*Wm Leler*

Bertrand is a computer language that I wrote back in 1986. I also wrote a book about it, called "Constraint Programming Languages" that was fairly popular for a while. As a computer language, Bertrand has some interesting and unique features.

There is a very primitive implementation of Bertrand available at http://leler.com/BERTRAND.zip

There is also a Google Group for Bertrand at http://groups.google.com/group/bertrand-constraint

There was a much more powerful version of Bertrand, but I wrote it on someone else's dime, so I had to rewrite it from scratch in order to distribute it. Recently, several people have started playing around with Bertrand again, probably because computers are now fast enough to execute Bertrand programs. You are welcome to play with it. Please tell the Google Group about what you did with Bertrand.

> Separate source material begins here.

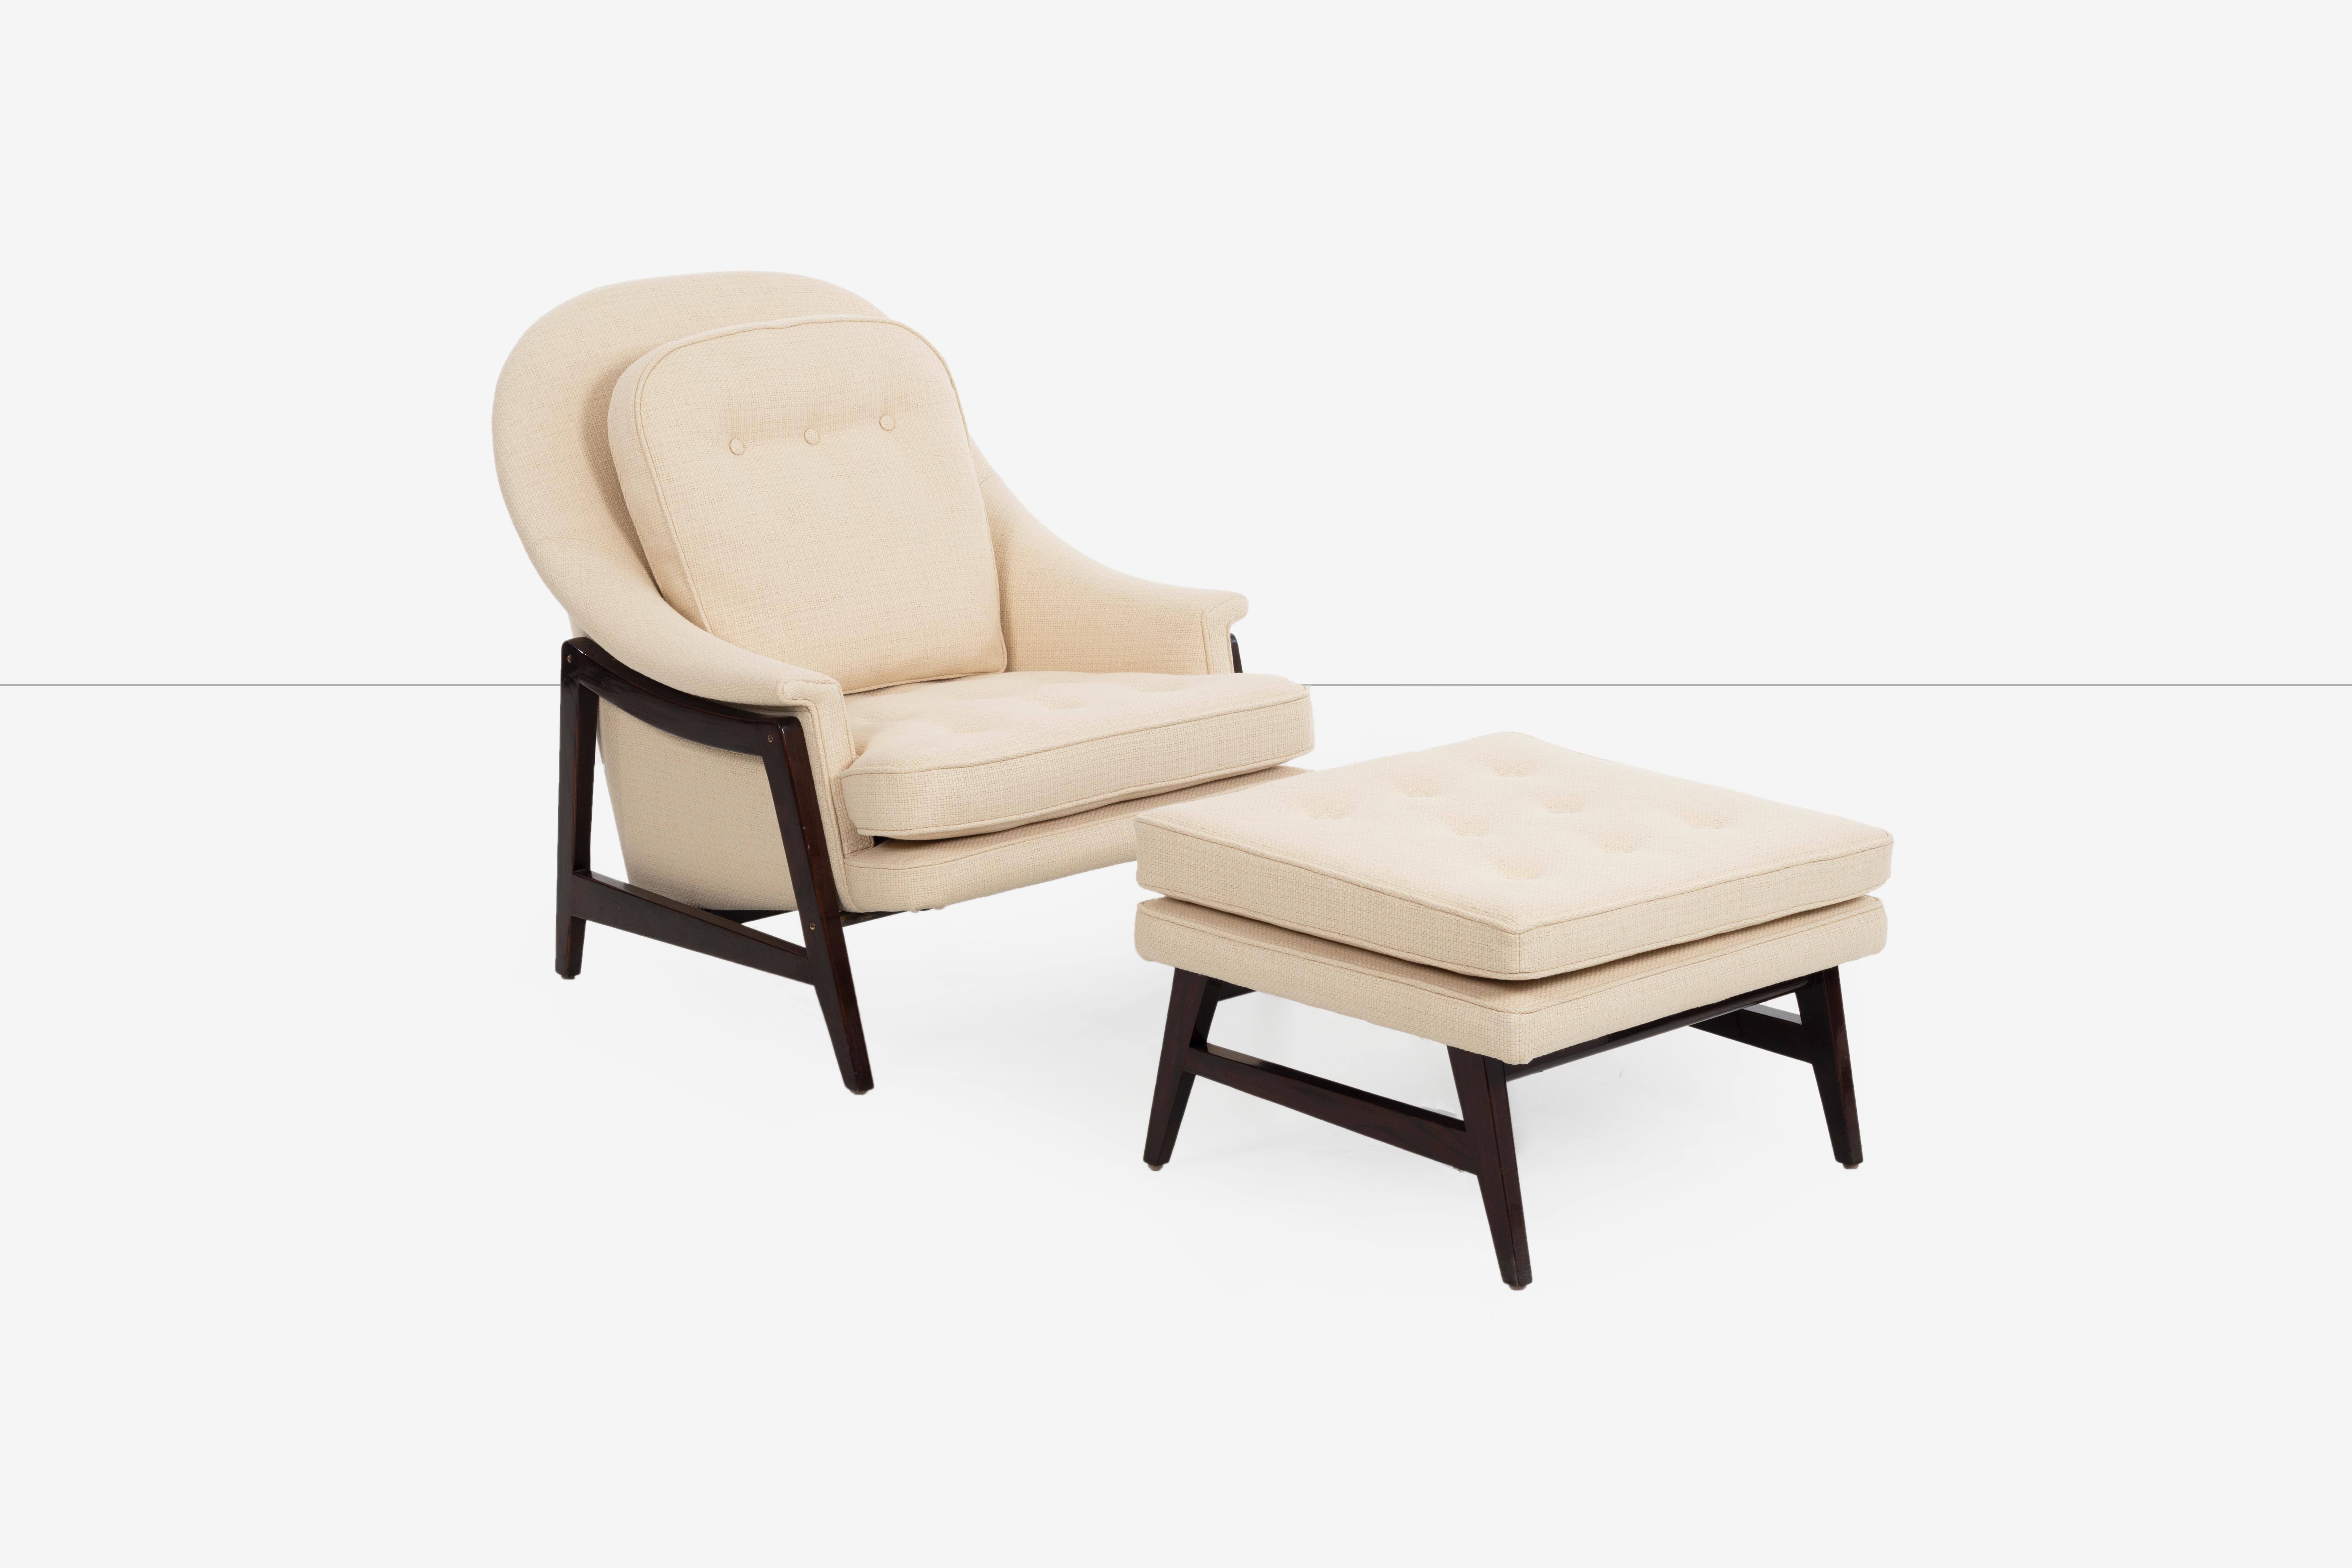 Edward Wormley for Dunbar, Janus collection lounge chair and ottoman, model 5701 Reupholstered in Holly Hunt, Great Plains cotton-poly weave with combed open grained ashwood frame and brass stretchers. 
[Dunbar signed under seat

Constraint Languages are languages where you do not provide an algorithm for solving a problem. Instead, you place "constraints" on what the solution looks like, and let the computer figure out how to solve the problem. By necessity, constraint languages tend to be fairly domain specific, since the language interpreter needs to know how to solve problems.

Bertrand looked at constraint languages another way. Bertrand itself is not a constraint language. Instead, it is a general problem solving language, which you can use to build constraint solving systems. A Bertrand program is a set of rules, which are executed to solve a problem. The rules are typically very domain specific. Bertrand itself knows absolutely nothing, other than how to execute rules. In fact, it doesn't even know how to do simple arithmetic.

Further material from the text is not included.